The University of Saskatchewan’s main campus is situated on Treaty 6 Territory and the Homeland of the Métis.

U of S psychology students win national competition

By in News

Applied social psychology students at the University of Saskatchewan enjoy a unique opportunity in both masters and doctoral programs, which allows them to participate in the annual Student Evaluation Case Competition.

The case competition began in 1986 and according to their website, has established a reputation as a dynamic, hands-on opportunity for post-secondary students to learn about evaluation.

The competition aims to help students build their evaluation skills using real-life cases. Each February, teams of university students from across Canada assess a case and submit their responses online. The top three teams are chosen by a panel of judges and invited to compete at the Canadian Evaluation Society annual conference.

This year, the U of S team travelled to Montréal and took home the title for the third time in the competition’s history.

Linzi Williamson, doctoral student of applied social psychology at the U of S, recognizes the value of this opportunity.

“The [U of S] applied social psychology program is quite unique. There is only a handful of other schools across Canada that actually offer a similar program. There certainly are some other programs, not psychology related, that offer training in program evaluation but to have an applied social psychology program evaluation focus is quite unique,” Williamson said.

According to Williamson, the program and ability to participate in the case competition are not the only unique opportunities that the U of S offers its students.

Upon completing her undergraduate studies at Wilfred Laurier University, Williamson relocated from Ontario to complete her graduate and doctoral studies at the U of S under the guidance of Karen Lawson, associate head and professor of the department of psychology.

Williamson stresses the importance of having a supportive supervisor that encourages students’ goals and aspirations.

“The reason why I moved here to do my masters in applied social psychology — the number one reason — was because of Karen. Karen Lawson has been my supervisor for my masters and currently is for my PhD, and then she has also been my coach for the student competitions.”

The applied social psychology program provides extensive training in research methodologies and in psychological theories and statistics, which builds a skill set that transfers into real-world application. The case competition takes the development of this skill set to the next level.

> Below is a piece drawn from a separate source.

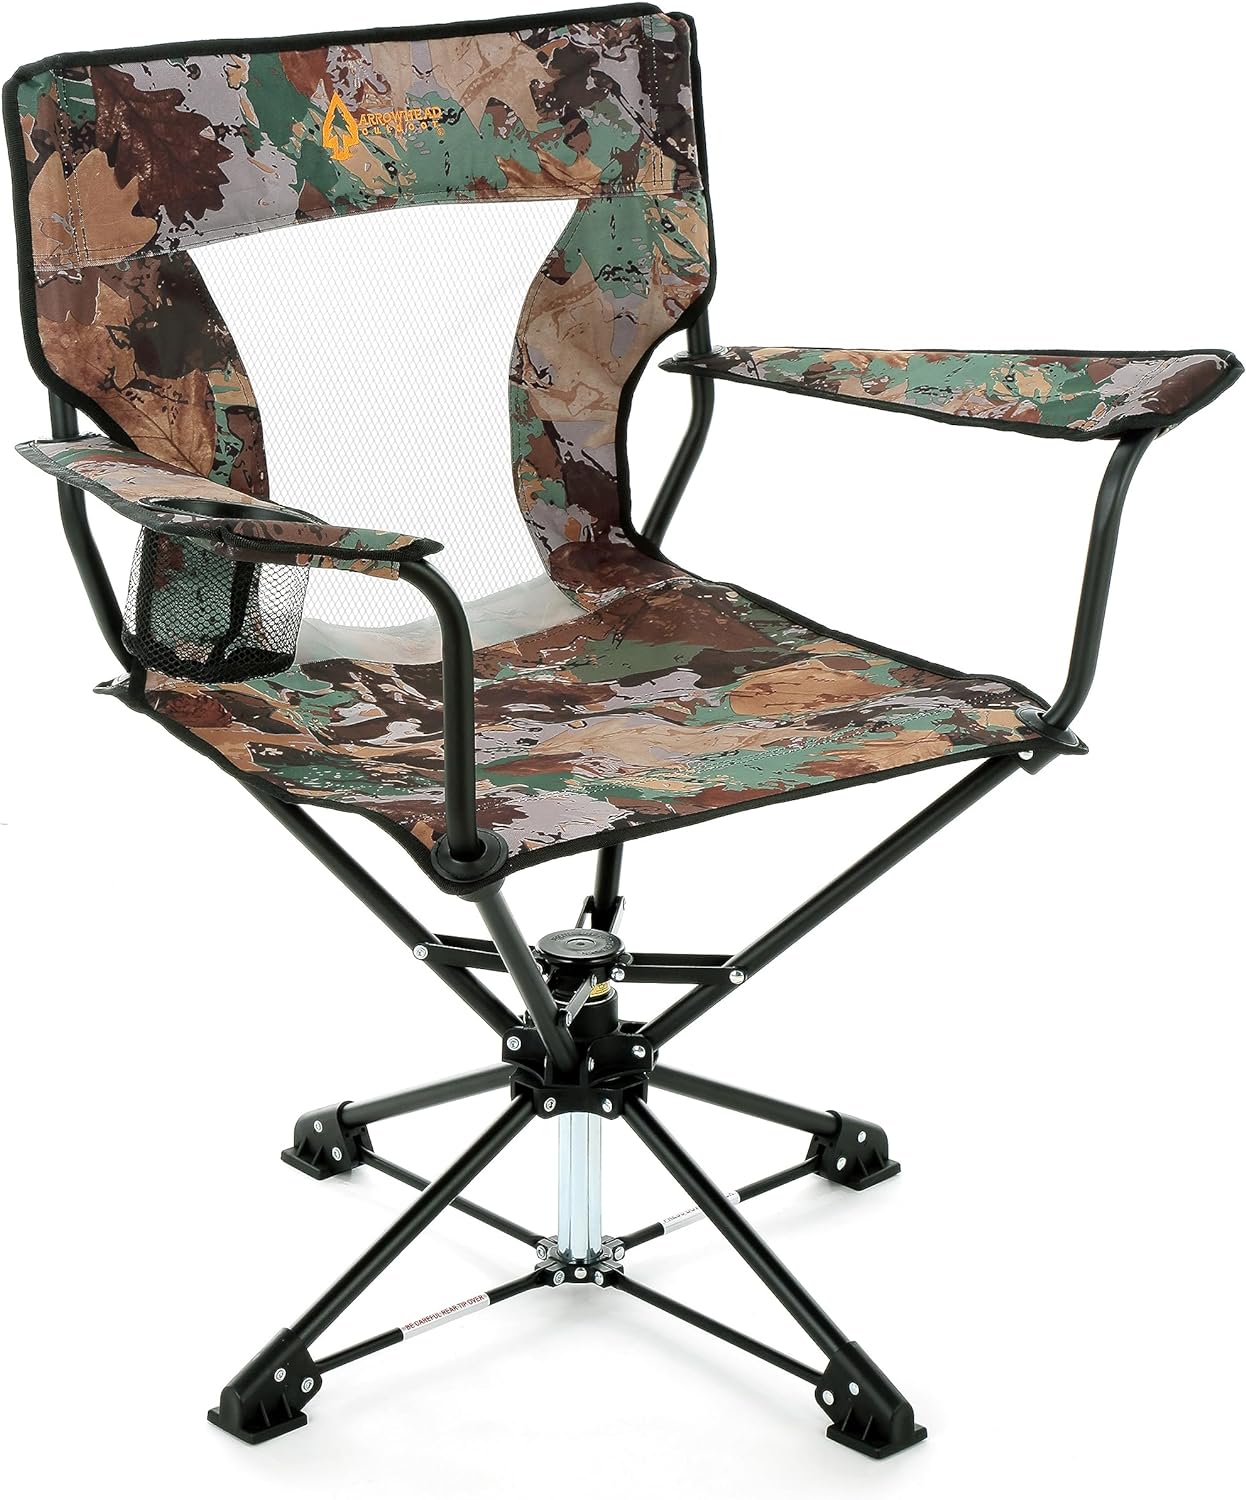 360° Degree Swivel Hunting Chair with Armrests – Arrowhead Outdoor

This is Williamson’s third and final year participating in the competition.

“I would say to students, we don’t always have a lot of people in applied social who want to take part in this competition and I would love to remind them about what a great experience it is. It is much different and more intensive than you could often get when doing your internships and practicums and it is something that is in addition to those experiences,” Williamson said. “I really think students need to give it a second thought and not just say, ‘Oh I don’t have the time,’ because it is absolutely worth it to make the time to take part in this competition.”

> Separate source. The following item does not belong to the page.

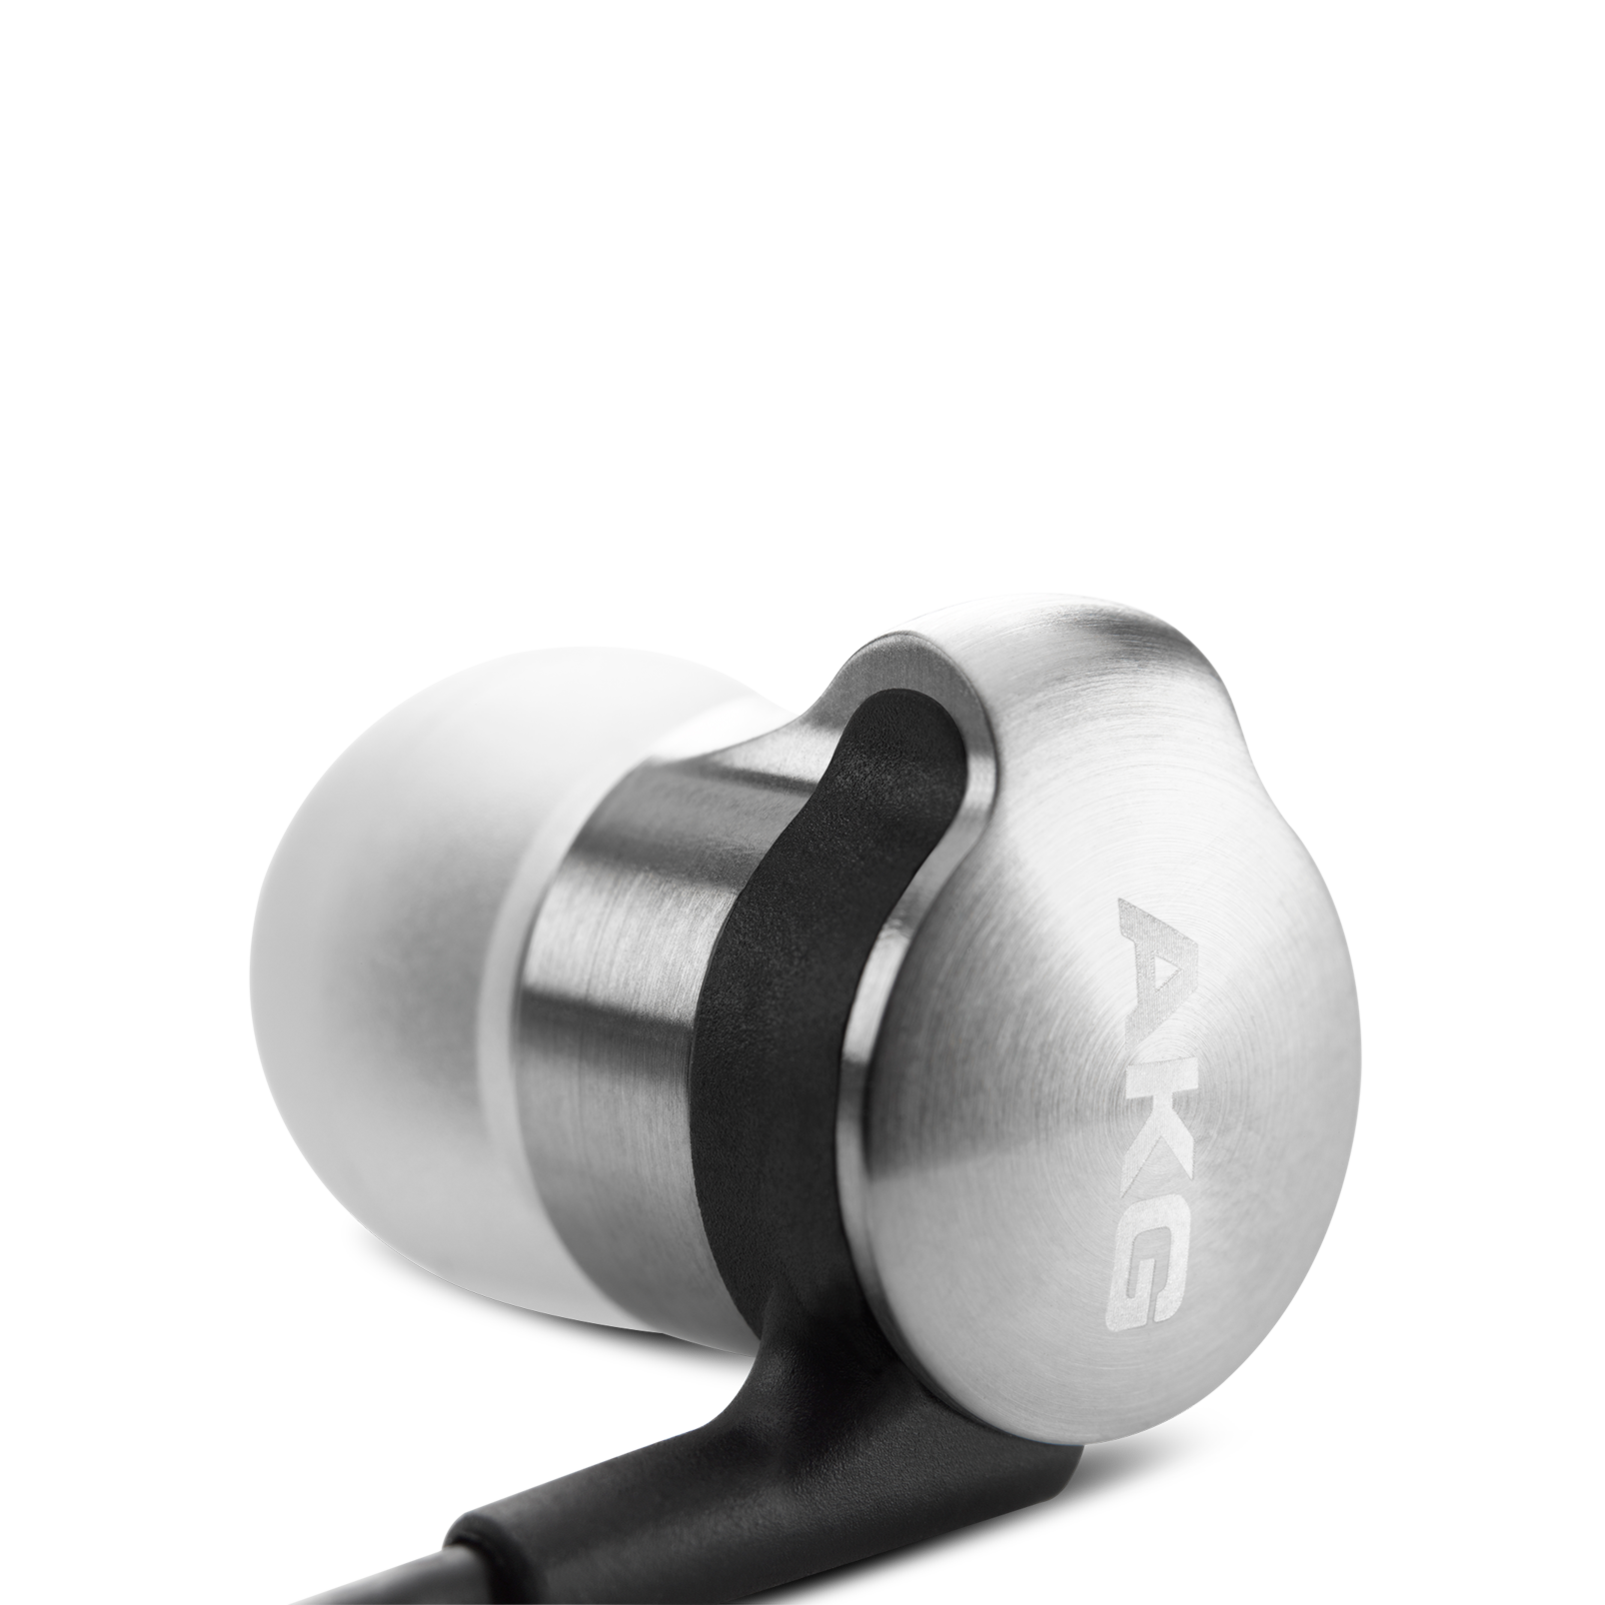 K3003 | Reference class 3-way earphones delivering AKG reference sound.

Michael Heimlick, graduate student in applied social psychology at the U of S, joined the team this year. His research studies on First Nations proved beneficial in the last round of the competition, which focused on the Aboriginal Youth Leadership Program. The program, offered by Canada World Youth, aims to build capacity for Aboriginal youth to become community leaders.

“I think what really set us above the other teams is that we really tried to focus on cultural sensitivity and we understand that we don’t know best. We have to work with the First Nations communities that were in the case to develop an evaluation that they are going to be able to use and understand; it just makes sense to work with them,” Heimlick said.

The U of S team’s presentation was so impressive that Canada World Youth wants to use their proposal to determine the impact that their current services are having on Aboriginal youth.

Since his experience at the competition, Heimlick has decided to pursue a career in evaluation and encourages other social psychology students to participate in the future.

“Take part! You never know what you may learn, or you might like it so much that you will want to make a career of it — like me.”